NuSTAR observations of magnetar 1E 1841-045

Abstract: We report new spectral and temporal observations of the magnetar 1E 1841-045 in the Kes 73 supernova remnant obtained with the Nuclear Spectroscopic Telescope Array (NuSTAR). Combined with new Swift and archival XMM-Newton and Chandra observations, the phase-averaged spectrum is well characterized by a blackbody plus double power-law model, in agreement with previous, multi-mission X-ray results. However, we are unable to reproduce the spectral results reported using Suzaku observations. The pulsed fraction of the source is found to increase with photon energy. The measured rms pulsed fraction is ~12% and ~17% at ~20 keV and ~50 keV, respectively. We detect a new feature in the 24--35 keV band pulse profile that is uniquely double-peaked. This feature may be associated with a possible absorption or emission feature in the phase-resolved spectrum. We fit the X-ray data using the recently developed electron-positron outflow model of Beloborodov (2013) for the hard X-ray emission from magnetars.
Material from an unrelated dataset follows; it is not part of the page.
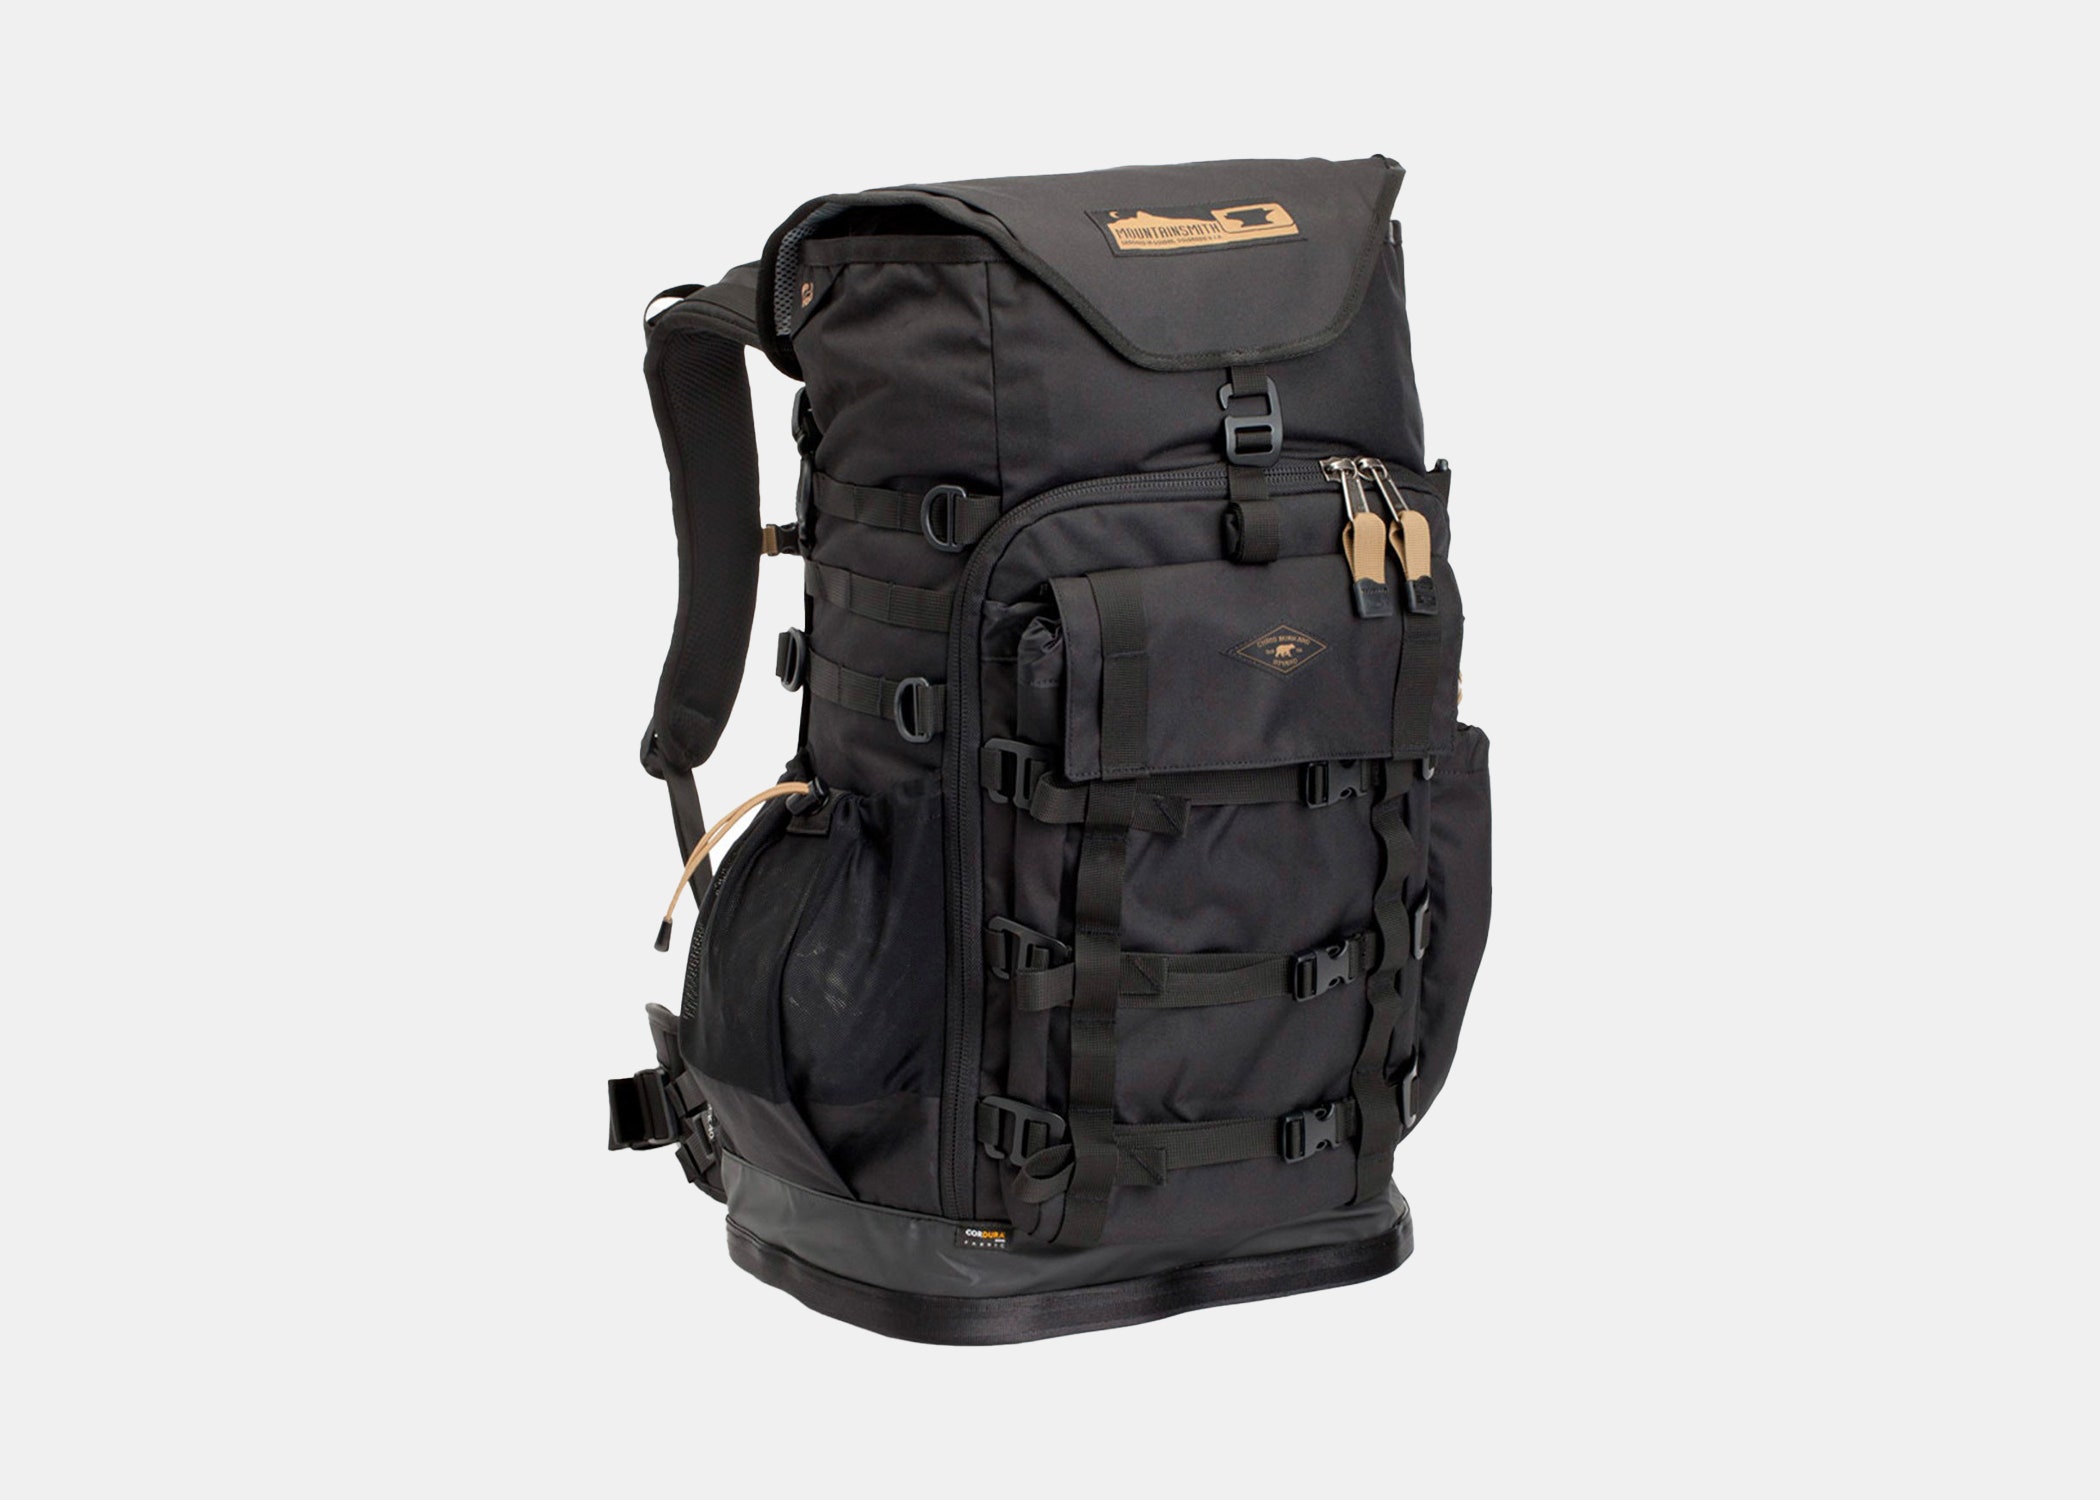 <p><strong>Best for backpacking</strong></p> <p>Mountainsmith’s Tanuck backpack was designed in collaboration with landscape and adventure photographer <a href="https://www.cntraveler.com/story/10-adventure-instagrammers-you-should-be-following?mbid=synd_msn_rss&utm_source=msn&utm_medium=syndication">Chris Burkard</a>. Tough Cordura fabric means it is as durable as camera bags get. And for practical purposes, it might as well be Hermione’s bottomless bag from <em>Harry Potter and the Deathly Hallows</em>: There's enough space for tripods, lenses, light stands, and accessories to go inside this 40-liter daypack.</p> <p><strong>Noteworthy features</strong>: Hydration sleeve to drink water through, hip belt, storm collar, and rain cover</p> $230, Mountainsmith. <a href="https://mountainsmith.com/products/tanuck-40-camera-backpack">Get it now!</a><p>Sign up to receive the latest news, expert tips, and inspiration on all things travel</p><a href="https://www.cntraveler.com/newsletter/the-daily?sourceCode=msnsend">Inspire Me</a>
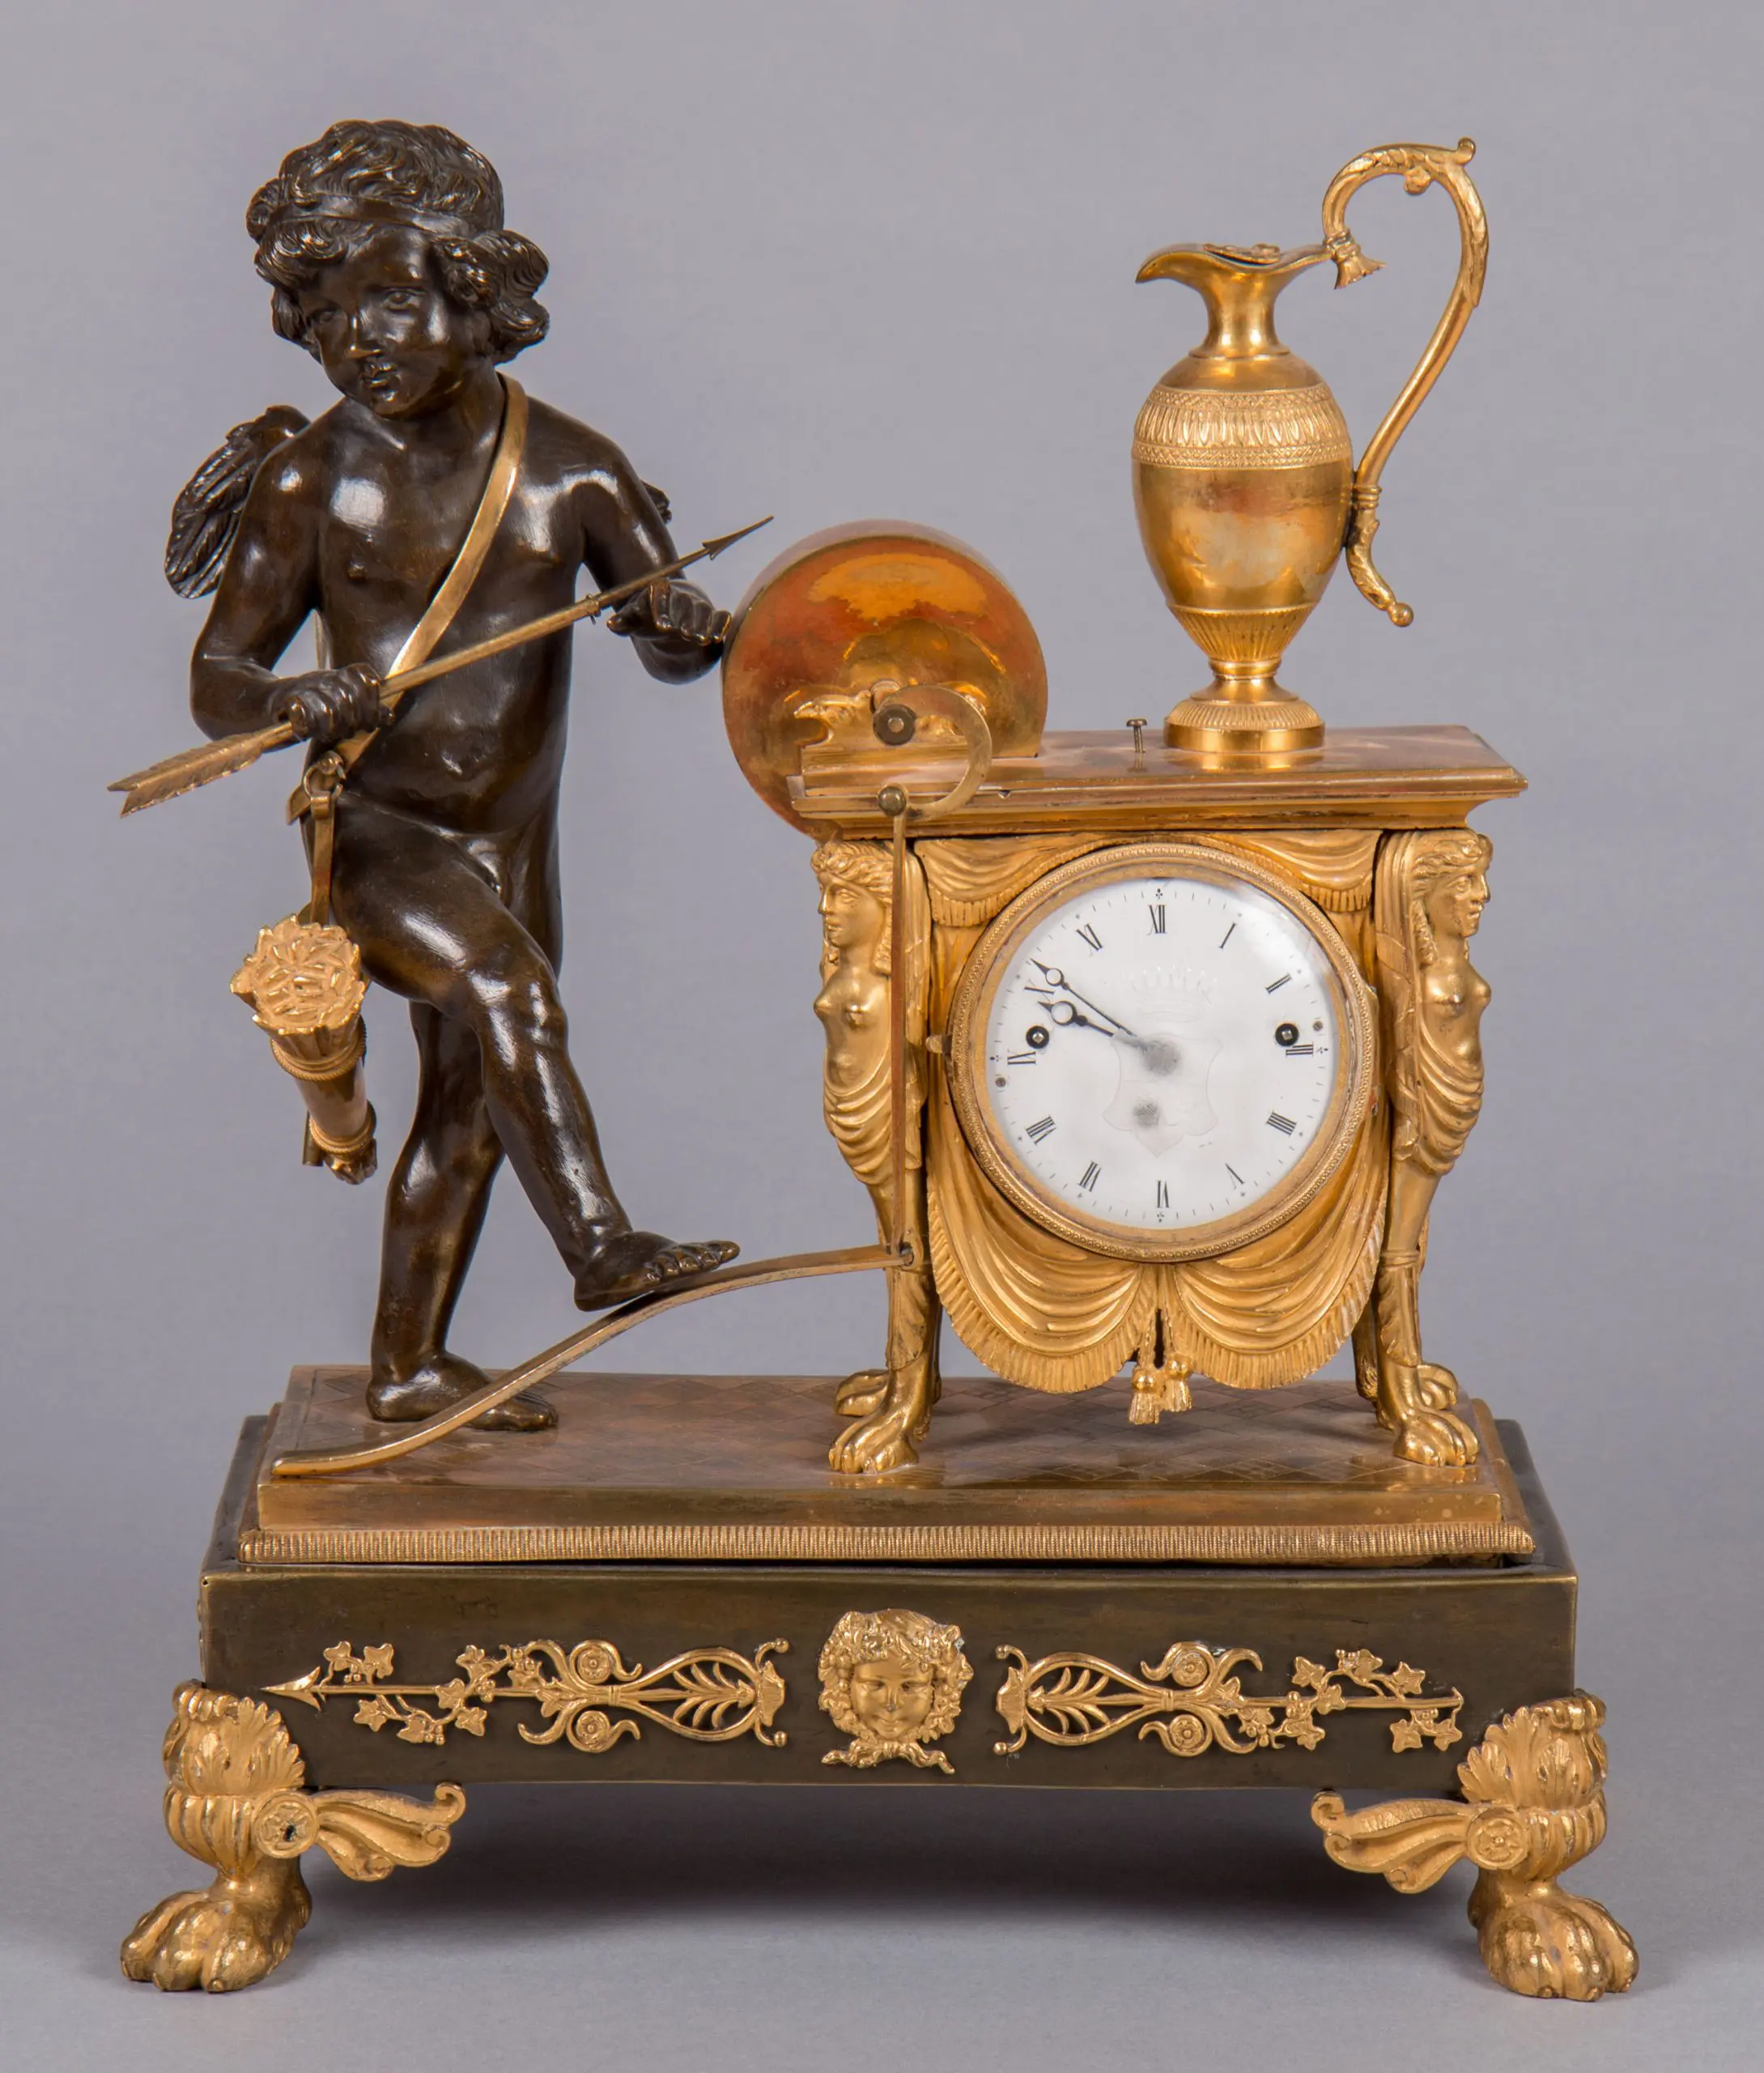 “Amor” Andréewitch empire Stephan mantel clock - Figural

This produces a satisfactory fit allowing a constraint on the angle between the rotation and magnetic axes of the neutron star of ~20 degrees and on the angle between the rotation axis and line-of-sight of ~50 degrees. In this model, the soft X-ray component is inconsistent with a single blackbody; adding a second blackbody or a power-law component fits the data. The two-blackbody interpretation suggests a hot spot of temperature kT~0.9 keV occupying ~1% of the stellar surface.